On 22 September 2014, al-Adnani gave a lengthy speech entitled "Indeed, Your Lord Is Ever Watchful", which was significant because it was the first official instruction by the Islamic State for its supporters to kill non-Muslims in Western countries. This speech has been credited with inspiring a wave of Islamic terrorism in Europe.

Among other things, Al-Adnani said:

If you can kill a disbelieving American or European - especially the spiteful and filthy French - or an Australian, or a Canadian, or any other disbeliever from the disbelievers waging war, including the citizens of the countries that entered into a coalition against the Islamic State, then rely upon Allah, and kill him in any manner or way however it may be.

and later on:

If you are not able to find an IED or a bullet, then single out the disbelieving American, Frenchman, or any of their allies. Smash his head with a rock, or slaughter him with a knife, or run him over with your car, or throw him down from a high place, or choke him, or poison him.

==Death==
On 30 August 2016, the Islamic State announced that Adnani had been killed in Aleppo Governorate while inspecting the frontlines near al-Bab. The Russian Federation claimed that Adnani had been killed in a Tuesday (30 August 2016) Russian airstrike. Specifically, the Russian Defense Ministry indicated on August 31 that al-Adnani was killed in the Maarat Umm Hawsh area of Aleppo as the result of an airstrike conducted by a Russian Su-34 bomber, a strike which targeted and hit a group of about 40 Islamic State fighters.

An unnamed U.S. defense official said, "coalition forces conducted an airstrike in al-Bab, Syria, targeting an ISIL senior leader" and were still trying to confirm whether he was killed. A U.S. defense official called the Russian claim to have killed al-Adnani "preposterous" and "a joke" and said they stand by the statement made on August 30 that U.S. forces conducted the strike that targeted al-Adnani. Also, earlier in the day on 30 August 2016, a U.S. military intelligence official stated that al-Adnani was wounded several days previous and succumbed to his injuries in al-Bab.
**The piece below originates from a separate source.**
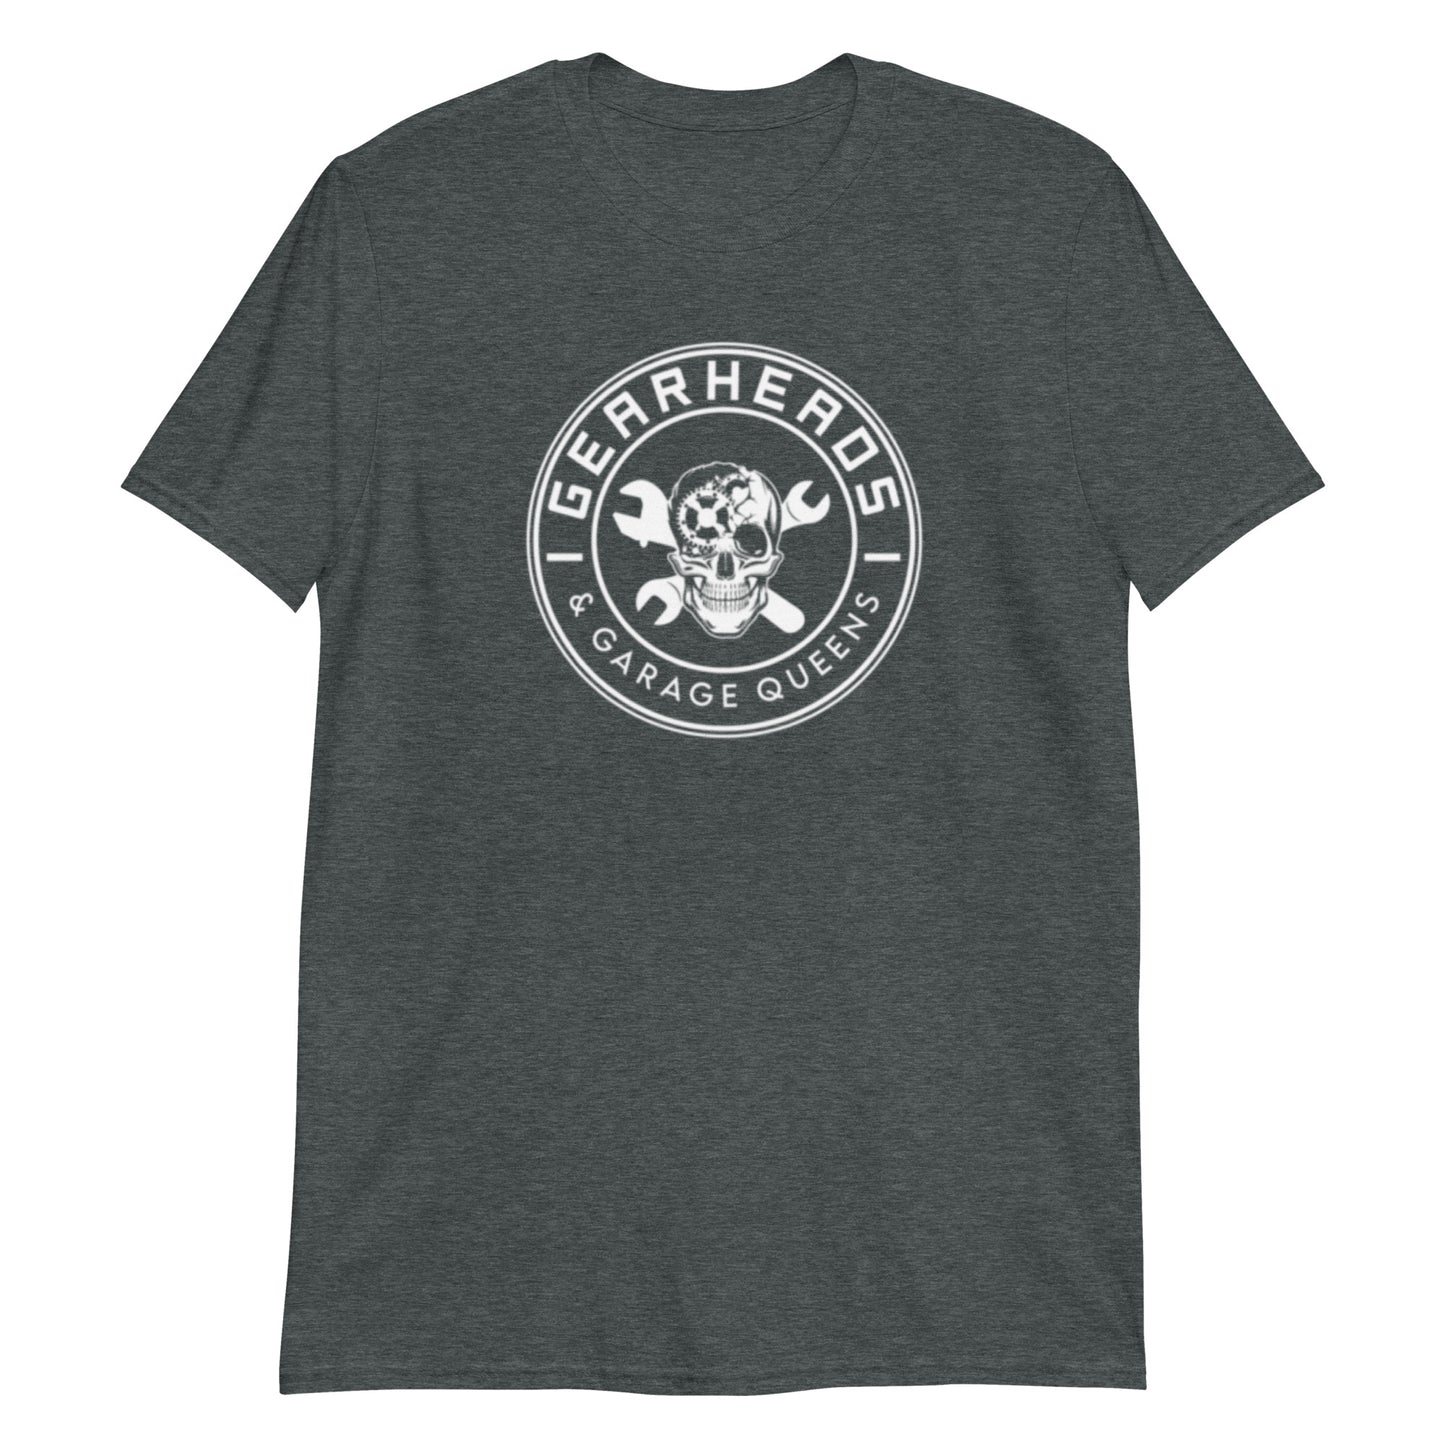 Gearheads and Garage Queens Short-Sleeve Unisex T-Shirt

The U.S. Department of Defense confirmed on 12 September that al-Adnani had been killed in an airstrike on 30 August near al-Bab.
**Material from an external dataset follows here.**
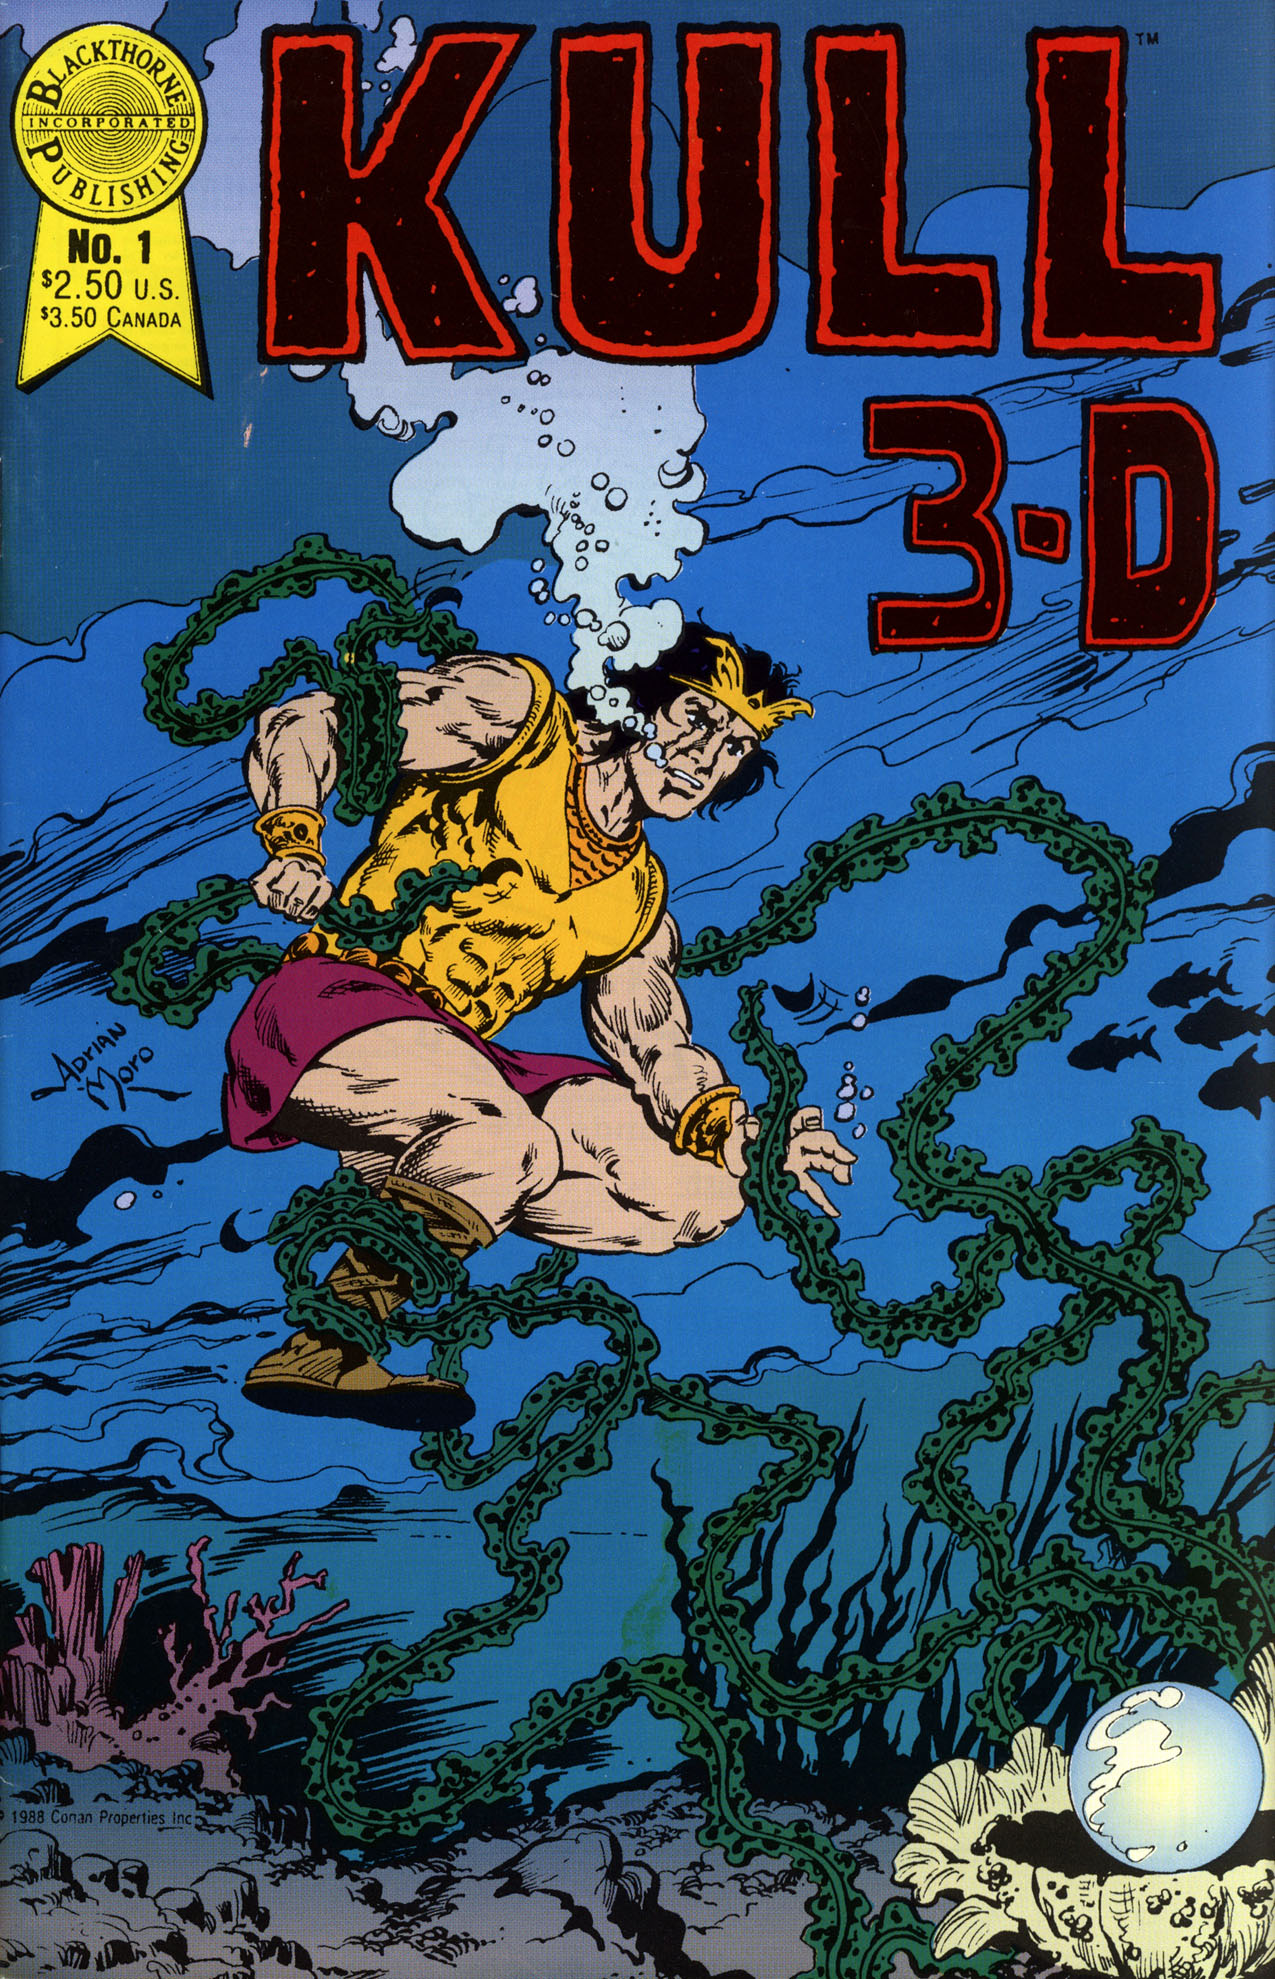 Read online Blackthorne 3-D Series comic -  Issue #51 - 1

After his death al-Adnani was featured on the cover of the first issue of IS propaganda magazine Rumiyah, which praised both his life as a jihadist and his 'martyrdom'. It repeatedly stated that the killing of al-Adnani will only strengthen the organization as there are many who will follow his path and replace him.

==Books==
He wrote a number of books, including The Context of Jihad and Its Related Issues and Verses on the Jurisprudence of Jihad, that he penned while being imprisoned by the Americans. Many of his publications eventually served as textbooks for Islamic State fighters in training camps, where he also used to teach the Arabic language and its grammar, as well as Islamic law.